Abstract:
The invention refers to a method of providing a service continuity of a communication between a mobile terminal (UE) and a service node (AS) within a communications network (CN), the communication network comprising a first radio access network (RAN 1 ), a second radio access network (RAN 2 ) and a switching node (MSC), the switching node (MSC) initiating a transfer request towards the service node (AS), while the mobile terminal (UE) is connected to the application server (AS) over the first radio access network (RAN 1 ), transmitting a notification to access the second Radio Access Network (RAN 2 ) to the mobile terminal (UE), receiving a session transfer number from the mobile terminal (UE) addressing the service node (AS) to complete the session transfer, and establishing a communication channel between the mobile terminal and the application server over the second radio access network. The invention further refers to the switching node, a mobility managing node and a computer program.

Description:
TECHNICAL FIELD 
       [0001]    The present invention relates to domain transfer between a circuit switched and packet switched domain of a mobile communications network with respect to a terminal. 
       BACKGROUND 
       [0002]    Mobile communications networks are currently evolving from circuit switched (CS) networks towards packet switched (PS) networks, and by that integrate into Internet Protocol (IP) based infrastructures that are e.g. used for the Internet and the World Wide Web. 
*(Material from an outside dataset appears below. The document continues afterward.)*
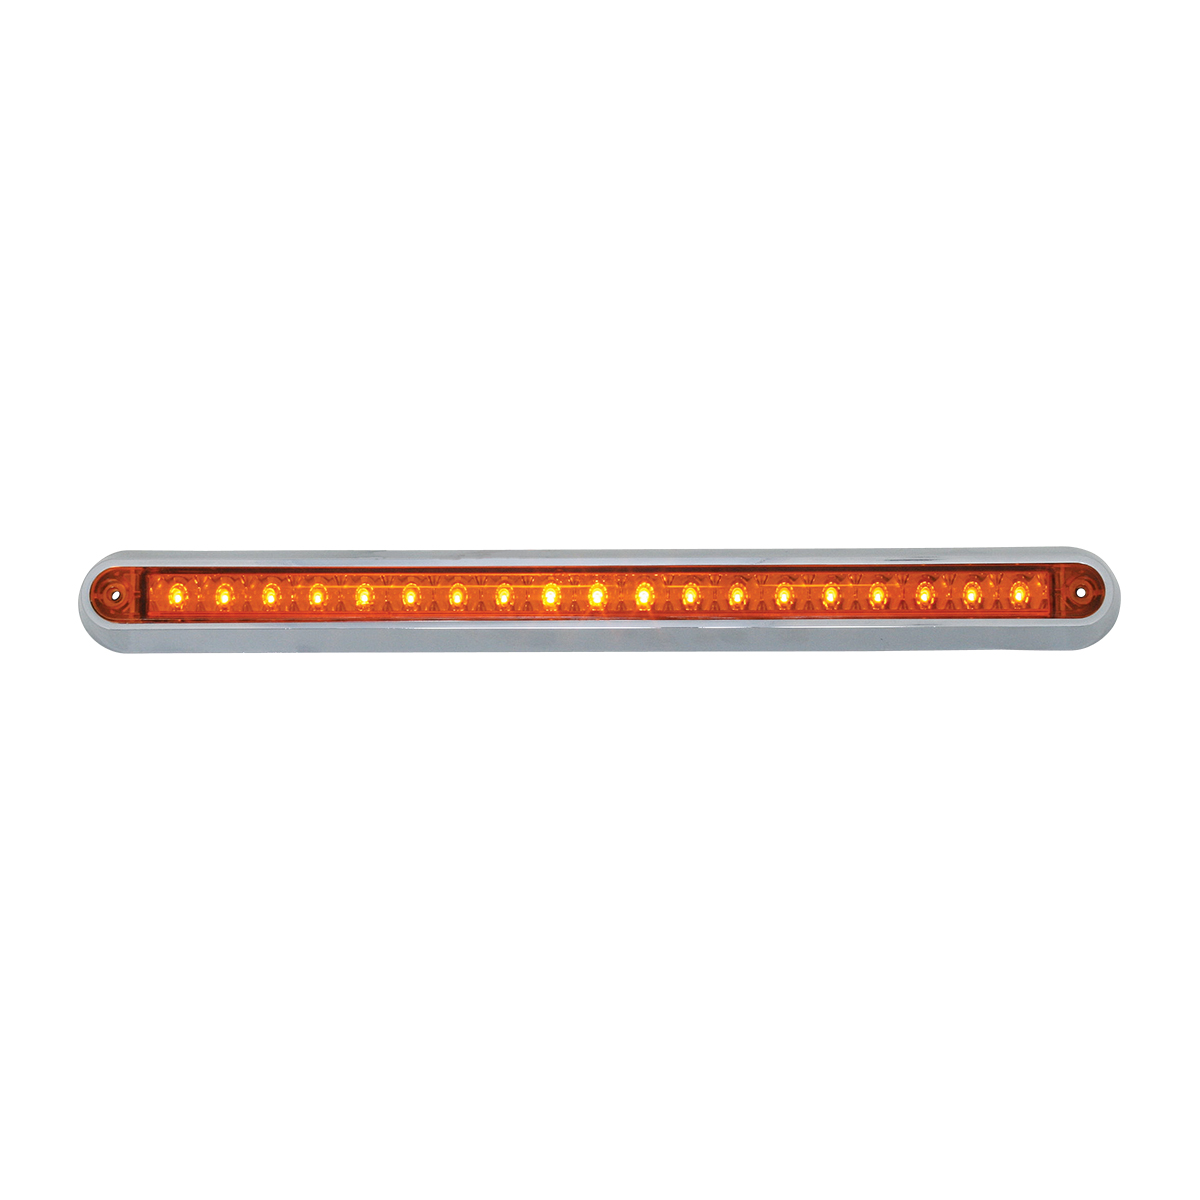 "76290 12"" Surface Mount Light Bar with Chrome Plastic Base"
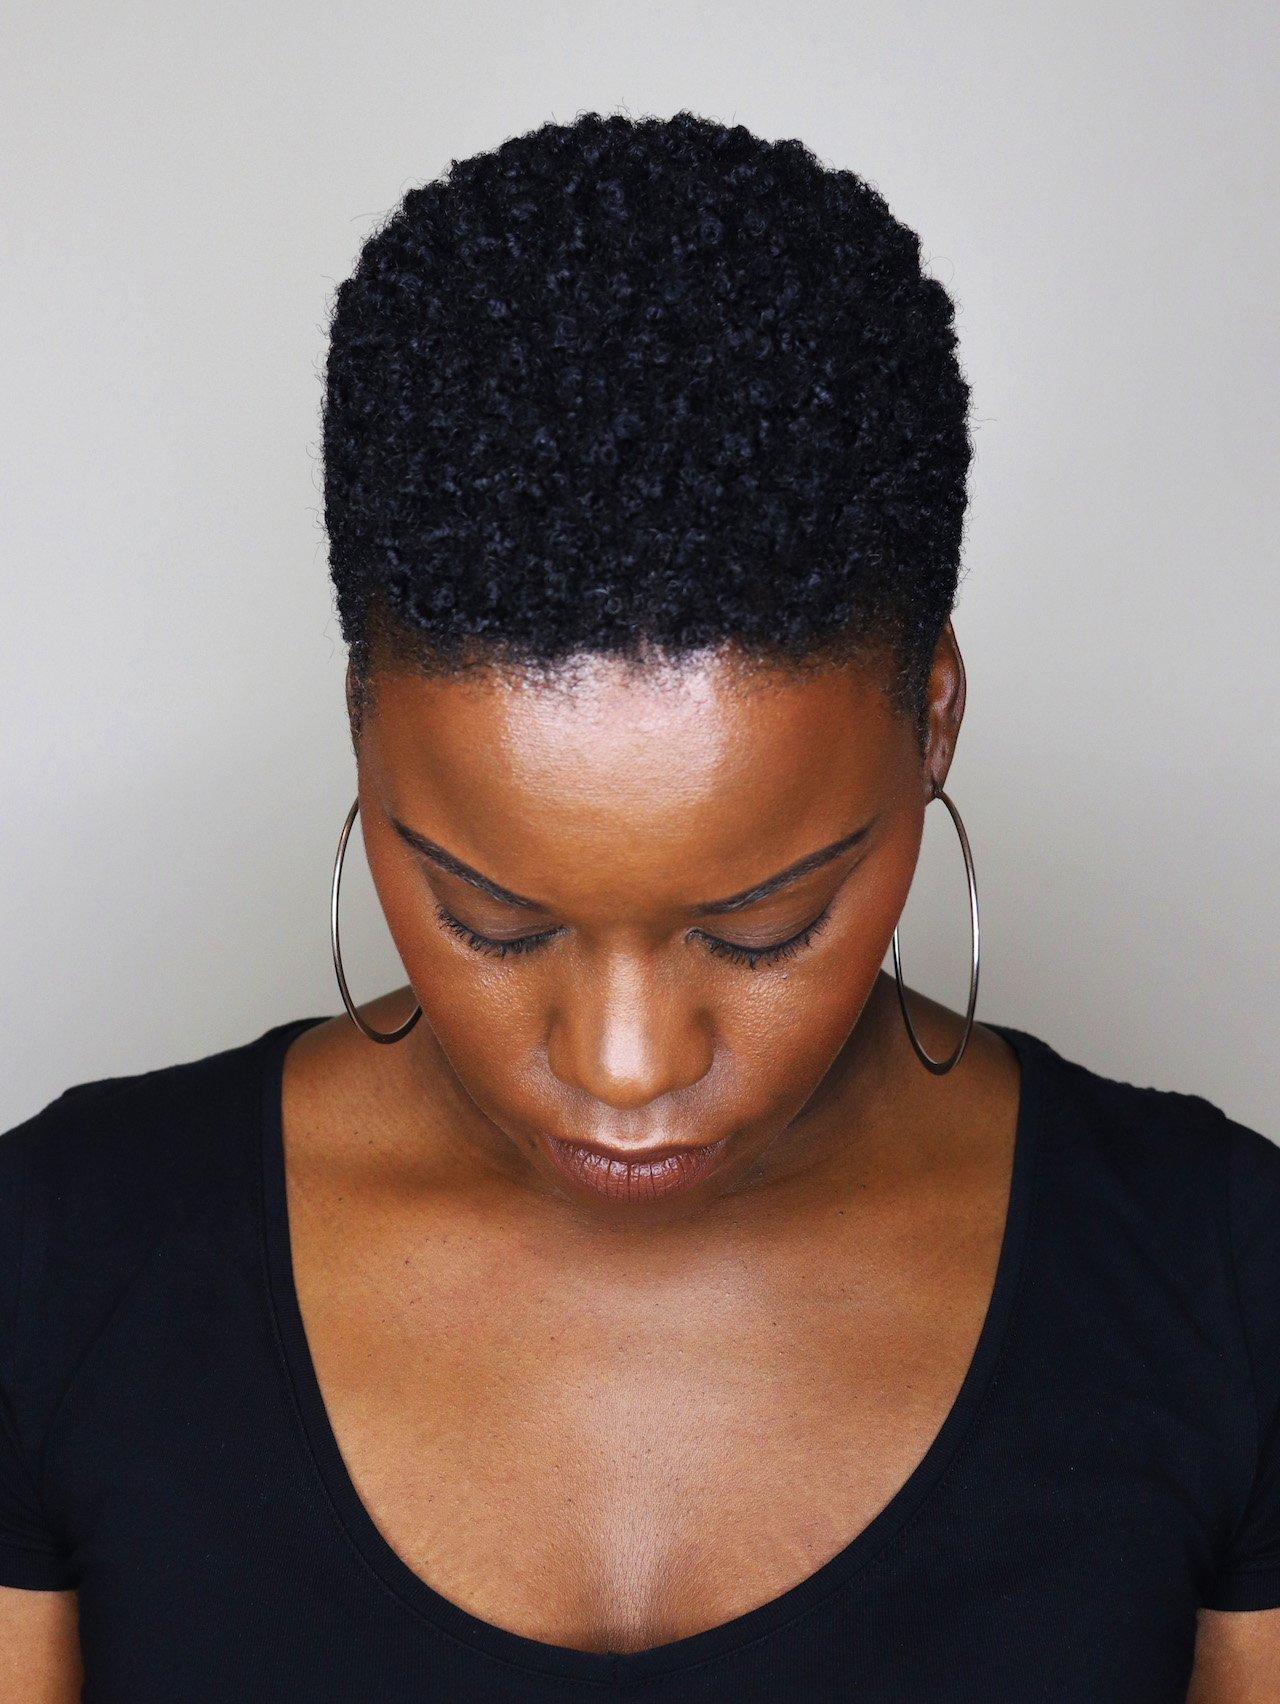 Glammzmore 2018 Q4 Hair Growth Challenge

         [0003]    So-called IP Multimedia Subsystem (IMS) networks have been developed for delivering multimedia services to mobile terminals (e.g. to GSM terminals being designed according to the well-known standard named Global System for Mobile Communications (GSM), or to Wideband Code Division Multiplex Access (WCDMA) stations. Hereto, calls from and to subscribers of the multimedia services using a CS access are routed through the IMS network in order to reach an IMS service engine. This concept is called IMS Centralized Services (ICS) being described in the standardization document TS 23.292, release 8, of the so-called Third Generation Partnership Project (3GPP) that is a standardization body to produce globally applicable technical specifications. 
         [0004]    In the frame of 3GPP, further a project called Long Term Evolution (LTE) has been established to enhance the UMTS mobile phone standard to cope with future requirements, the packet core is evolving to the so-called Evolved Packet Core (EPC) as part of the Evolved Packet System (EPS), supporting the so-called evolved UMTS Terrestrial Radio Access Network (eUTRAN) as new radio access network. As part of these activities, work on voice call continuity for terminal equipped with single radio means, (i.e. terminals with one single radio transmitter and one single radio receiver thus being capable of transmitting/receiving on either PS- or CS-access at a given time such terminal also being referred to as single radio terminals) being referred to as single radio voice call continuity (SR-VCC) is ongoing, enabling to transfer an IMS voice call from the EPS to the CS and vice versa. 
         [0005]    In parallel, solutions for providing CS services over packet-oriented access networks (e.g. eUTRAN) are developed. One solution is the so-called “CS Fallback” being described in the standardization document TS 23.272, release 8 of 3GPP named “Circuit Switched Fallback in Evolved Packet System”, which enables a user equipment (UE), in the following also being referred to as user terminal or terminal, to originate or terminate CS calls in a circuit-switched oriented Radio Access Network (e.g. WCDMA/GERAN) even when being active on the packet-oriented access network. This means that the terminal is performing so-called procedures for EPC mobility like PS attach and location update towards the Mobility Management Entity (MME) while still having eUTRAN access. In addition, when the UE attaches to the EPC, the MME registers the terminal in the Mobile Switching Center Server (MSC-S). When a page for CS services is received in the MSC-S, it is forwarded to the MME over the interface between the MSC-S and the MME (this interface sometimes being referred to as SGs reference point as defined in 3GPP TS 23.272 version 8, section 4.2.1 that can be regarded as an enhanced version of the GS interface connecting the MSC and the VLR in GSM). The MME further forwards this information to the terminal, which performs a transition to the circuit switched RAN in response. Such process allows a provisioning of voice and other CS-domain services (e.g. SMS) by reuse of CS infrastructure when the terminal is served by eUTRAN. This fallback can be based on PS handover (i.e. a handover between nodes within the PS-based RAN), cell change order, or terminal based selection of a suitable cell in the CS based RAN. Similar behaviour might apply for terminal originated CS services: when such services are triggered while the terminal has LTE access, it will perform a fallback to a CS based RAN and trigger the initiation of the CS service there. 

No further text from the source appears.